My son was rushing around looking for his cleats this morning before his game. Naturally, Mom always knows where he leaves his things (not true). I was on shoe-searching duty when the watch sent me a notice from the social media group set up for the team’s parents: The field location had changed, which was good to know because we were already scrambling to get to the right place on time. (Too bad smartwatches don’t also track soccer equipment. Maybe one day.)

During warm-ups, I was able to check a few e-mail messages and work on some flashcards for class until the game started. You can never spend too much time studying medical terms.

The kids played really well. My son got the assist for the game-winning goal. I wanted to congratulate him afterwards with a victory dance, but he begged me not to embarrass him. I promised not to if he would help me make dinner tonight. Didn’t take much to seal the deal there.

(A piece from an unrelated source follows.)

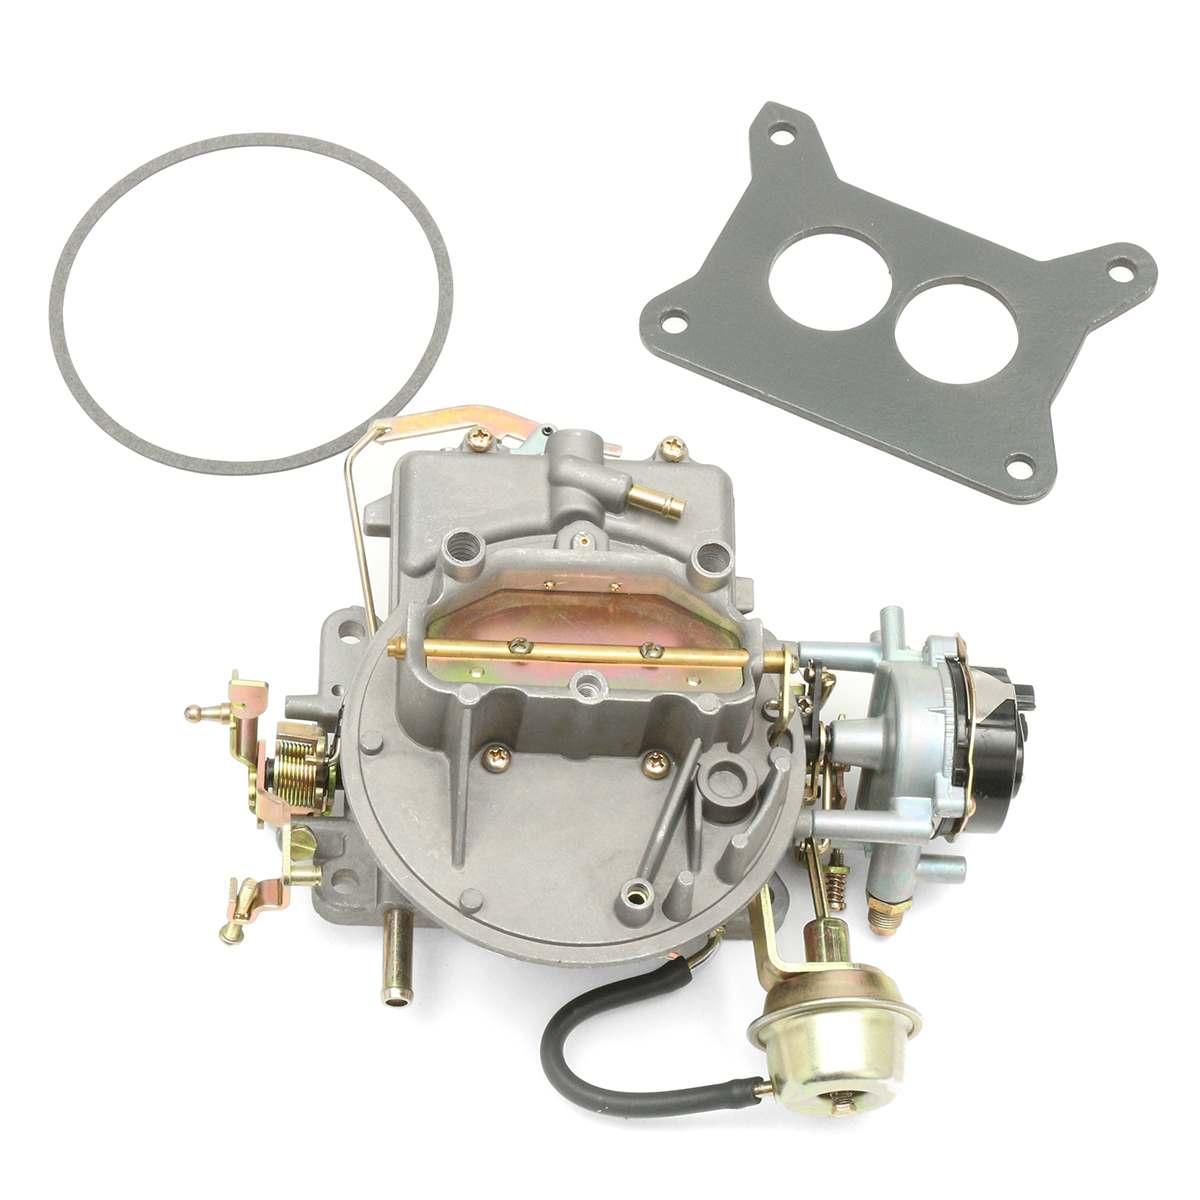 2 Barrel Carburetor Carb 2100 For Ford F100 F250 F350 for Mustang Engine 289 302 351 19641984|Carburetors| |  - title=

We chose a recipe together that afternoon and shopped for our ingredients at the grocery store. Once I marked off everything on my watch’s list, we checked out. The cashier read my total, and my son prepared his eye roll, expecting me to dig through my purse for my credit card and loyalty card. Instead, I used my smartwatch for both. As I held the watch up to the contactless reader, I saw a hint of pride or maybe admiration on my son’s face—a rare thing to see from a teenager.

Sunday, September 18

My husband called this afternoon, but the ringer was off on my phone, and I couldn’t find it. I started to panic because he doesn’t get the chance to call often. Fortunately, the watch has Bluetooth, so I picked up the call from the watch instead. I was able to fill him in on our son’s soccer game. It was so nice to hear from him.

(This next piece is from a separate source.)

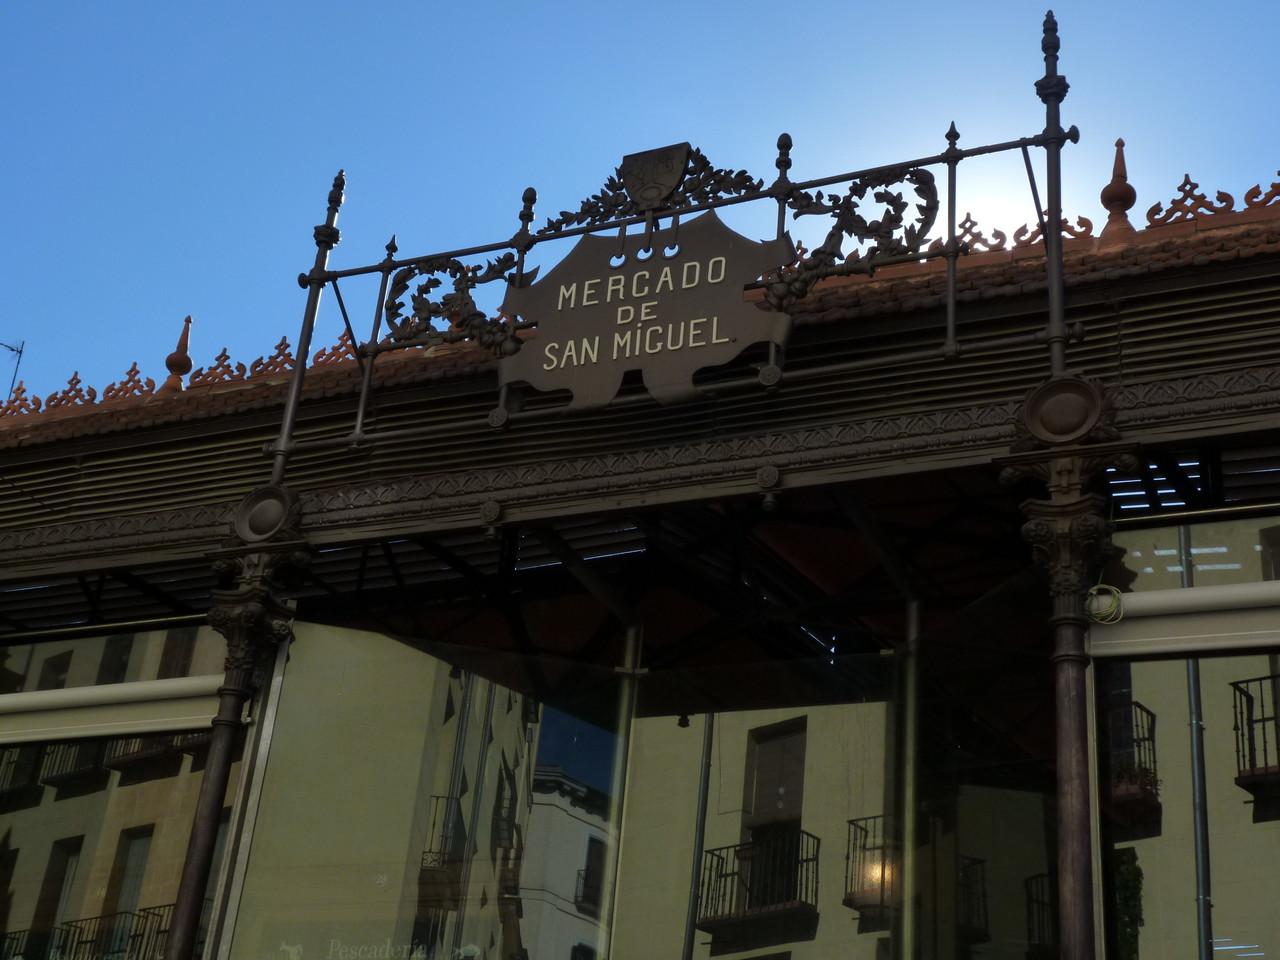 Romântica Madrid-Mercado de San Miguel (1).JPG

I also updated him on how the smartwatch was working out so far: It helps me take care of myself and my patients, improves communication, helps me make better use of my time, and provides a wealth of information in a small package right from my wrist. I told him I call the smartwatch my “convenience” device. He seemed happy to hear about it. While we talked, I remembered (on my own) that I needed to do some studying. I told the watch to remind me later this evening, and my husband joked that reminding me to study was his job. I assured him that there were plenty of other things he could help me with once he gets home (like doing the dishes). Eventually, I had to let him get off the phone. Besides, this Testing Technology Assignment is due tonight at midnight, and one thing the watch can’t do is write this assignment for me.

In the end, it does feel like I have my own personal assistant, though. If I had to sum up my entire experience, I know exactly how to word it: a solid five out of five stars for my brilliant wrist friend.